Он -- небольшого роста, с желтыми волосами, с постоянной улыбкой -- себе на уме. Он не может говорить, не улыбаясь, и что-то всегда за этой улыбкой.
Она -- высокая, крепкая, плечистая, и... усы... Когда разливает чай, я вижу на белизне скатерти большие, грубые, мозолистые мужские руки. Да и вся она, точно мужчина, по ошибке в юбке. В кружок, как у мужика, черные, с проступившей сединой волосы, крепкий обветренный бас. Высокий мужской сильный лоб, уже прорезанный продольными складками прожитой жизни.
Я позваниваю ложечкой, подношу к губам стакан с янтарно колеблющимся чаем, а она говорит крепким, в котором слышится и зной, и ветер полей, и сырость ненастья, рабочим баском:
-- Это хорошо, что вы на нас набрели.
А он улыбается:
-- Мы, как волки в степи,-- ведь никого не видим.
Я рассказываю о себе -- я им сразу верю -- и вижу, как блестят глаза. Но я ведь ждал нежную белую женскую руку... Вздор! Встряхиваю головой и говорю:
-- Ваш огонек, как в пустыне изнемогающему путнику, явился... Я сначала думал, что это блуждающий огонек, и закрыл глаза, чтоб не волноваться попусту, но он все светил и привел к вам.
Я говорю это, но что-то не то, что-то есть в этой светлой уютной комнате, в этом небольшом домике, в чем я еще не могу дать себе отчета.
Они говорят друг другу "вы",-- Александр Егорыч, Екатерина Павловна. И это мне нравится,-- обыкновенно супруги говорят "вы", когда собираются ругаться.

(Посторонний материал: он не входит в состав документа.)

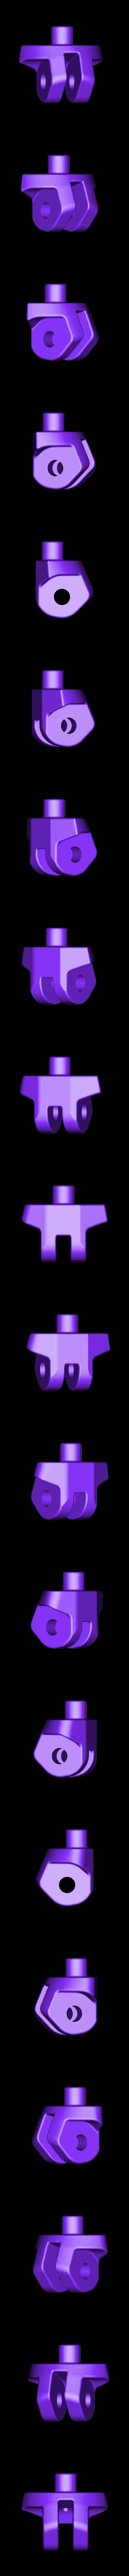 pouce_-_m%C3%A9tacarpe_2.stl Download free STL file Articulated hand • 3D printer model, NOP21

-- Шум? Так это мельница водяная, мы снимаем в аренду. Вы, значит, речку не переходили? Со стороны степи шли? Мы ведь здесь двадцать лет живем безвыездно.
Старые-престарые часы на стене бьют одиннадцать.
-- С мужиками сносно живем. Когда приехали, трудно было. На нас смотрели, как на белоручек, но когда увидели, что стали работать так же, как они, примирились. Вы поживете у нас с недельку, отдохнете, осмотритесь. С полицией у нас хорошие отношения.
-- Расскажите же, что на белом свете делается,-- говорит он и улыбается, и за улыбкой что-то свое, тоже как будто улыбающееся, а волосы у него большие, желтые.
-- Газеты мы получаем, но ведь это мертвое. А жизнь-то кактам? Все, наверное, страшно изменилось, и не узнаешь.
Двенадцать. Самовар то совсем засыпает, то сонно мурлычет, прерывисто и тоненько, как будто ослабел и с усилием заводит веки. У меня тоже слипаются глаза, лица делаются маленькими, куда-то уходят, голоса звучат издалека, радужный туман, и вдруг опять все близко, ясно, освещено. В окнах угрюмая мгла.
"У них нет детей. Нет детей,-- это звучит безнадежно".
-- Конечно, когда вы идете по деревням,-- слышится ее энергичный басок,-- когда приходите к мужику со словом живым, это -- одно, а когда живете среди них, как мужик, так же боретесь, как он, так же конкурируете,-- это совсем другое, и все иллюзии разлетаются.
Я не возражаю, ибо понимаю, у них -- все в прошлом. Вот теперь выспаться бы только, а то, боюсь, свалюсь со стула. Да ведь неизвестно, что и в моем будущем. Оно темно, как эта мгла в неподвижных окнах. И если молодому -- помните, у Гоголя? -- дать заглянуть в темно ждущее его, он отпрянет...
Я борюсь со сном, борюсь с чем-то неопределенным, что я не могу определить в этой уютной, освещенной, с умирающим самоваром комнате, в которой, должно быть, нет женщины, а я и еще двое мужчин.
-- Вы крепко устали, вижу. Александр Егорыч, я приготовила постель гостю. Подите покажите. Спокойной ночи. Желаю вам отоспаться, отдохнуть. Я очень рада, что вы набрели на нас. Вам тут будет покойно. Спокойной ночи...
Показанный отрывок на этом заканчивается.